CA: Sacramento County, CA; AZ: Maricopa County, AZ; MN: Anoka County, MN; KY: Jefferson County, KY; FL: Pinellas County, FL; TX: Harris County, TX; PA: Allegheny County, PA; NY: Queens County, NY.

a

Unit : μg/m3 for PM2.5 and ng/m3 for 25 metals.

b

LOD: Limit of detection

Statistical Analysis

Metal composition data from analysis of weekly samples were pooled and analyzed using Principal Component Analysis (PCA) in order to examine the heterogeneity of ambient PM. Twenty one (21) out of 25 metals were used in the PCA. Ag, Cs, Tl, and Be were excluded from the analysis due to having two thirds or more samples below the LOD. The first step in the PCA was to transform the 21 metal concentrations into dimensionless normalized numbers with a mean of zero (Z-statistic) for each metal to diminish the impact of large differences in variation between the metals. After normalization the standardized numbers have the same order of magnitude for each metal.

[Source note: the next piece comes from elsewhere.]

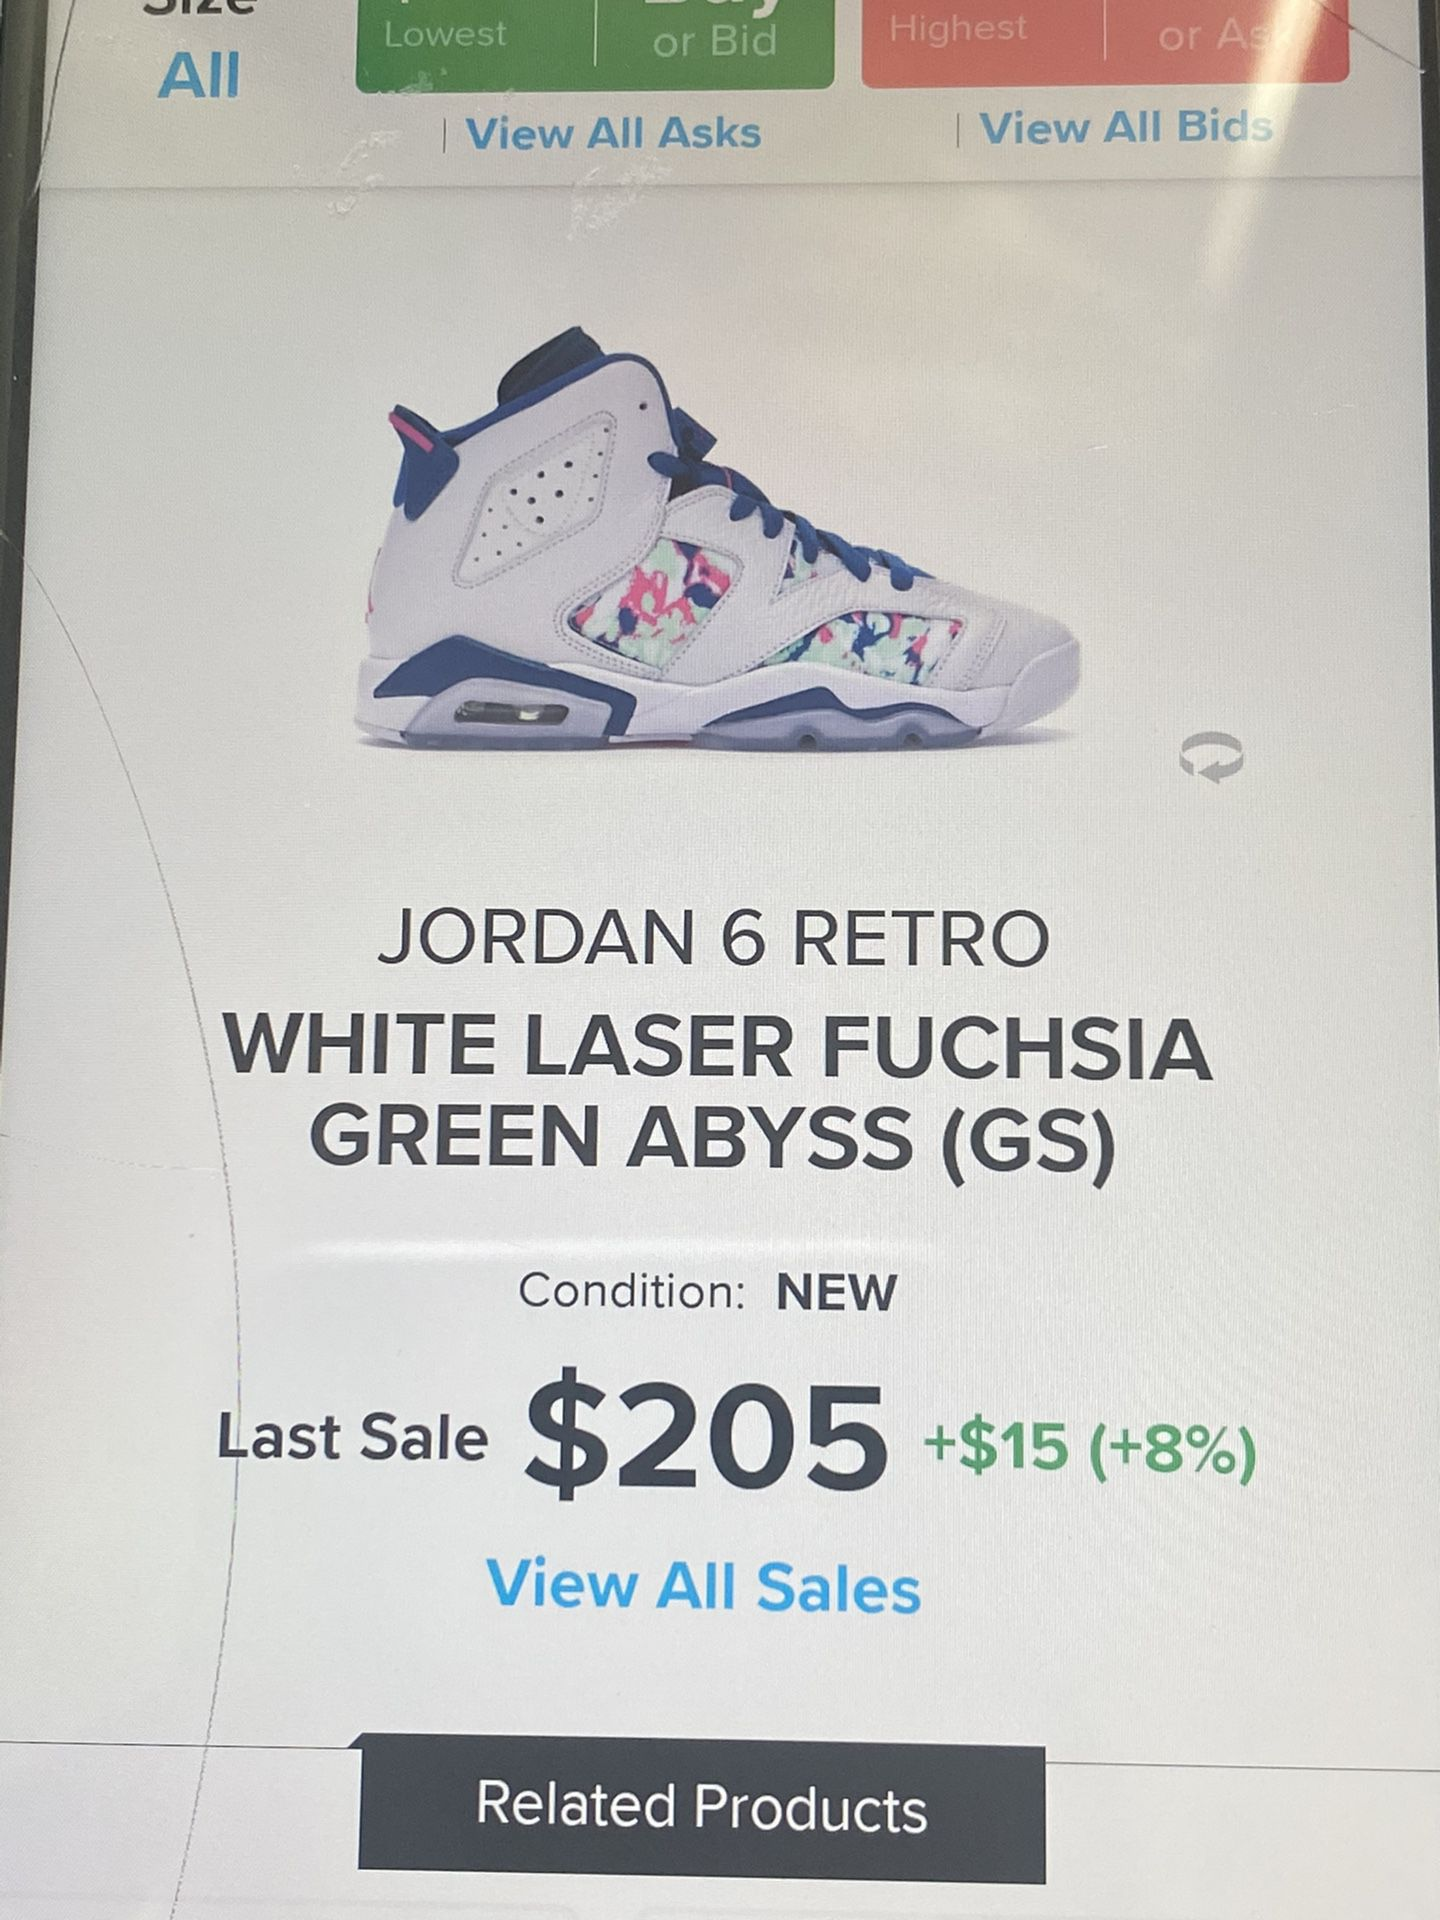 Jordan 6 Retro

All statistical analyses were performed in SAS 9.2 (SAS Inc, Cary NC). Principal components were determined by running Proc Factor using Prin options. Eigenvalues greater than 1.0 were retained in this analysis.10 For each location, weekly scores were determined for each of the retained components. The general equation to determine the standardized principal component score is shown below: 11

(PCSp)=β1p(X1)+β2p(X2)++βmp(Xm)

Where,

  • PCSp = the standardized principal components score on principal component p

  • βmp = the standardized loadings for a measured metal m on principal component p.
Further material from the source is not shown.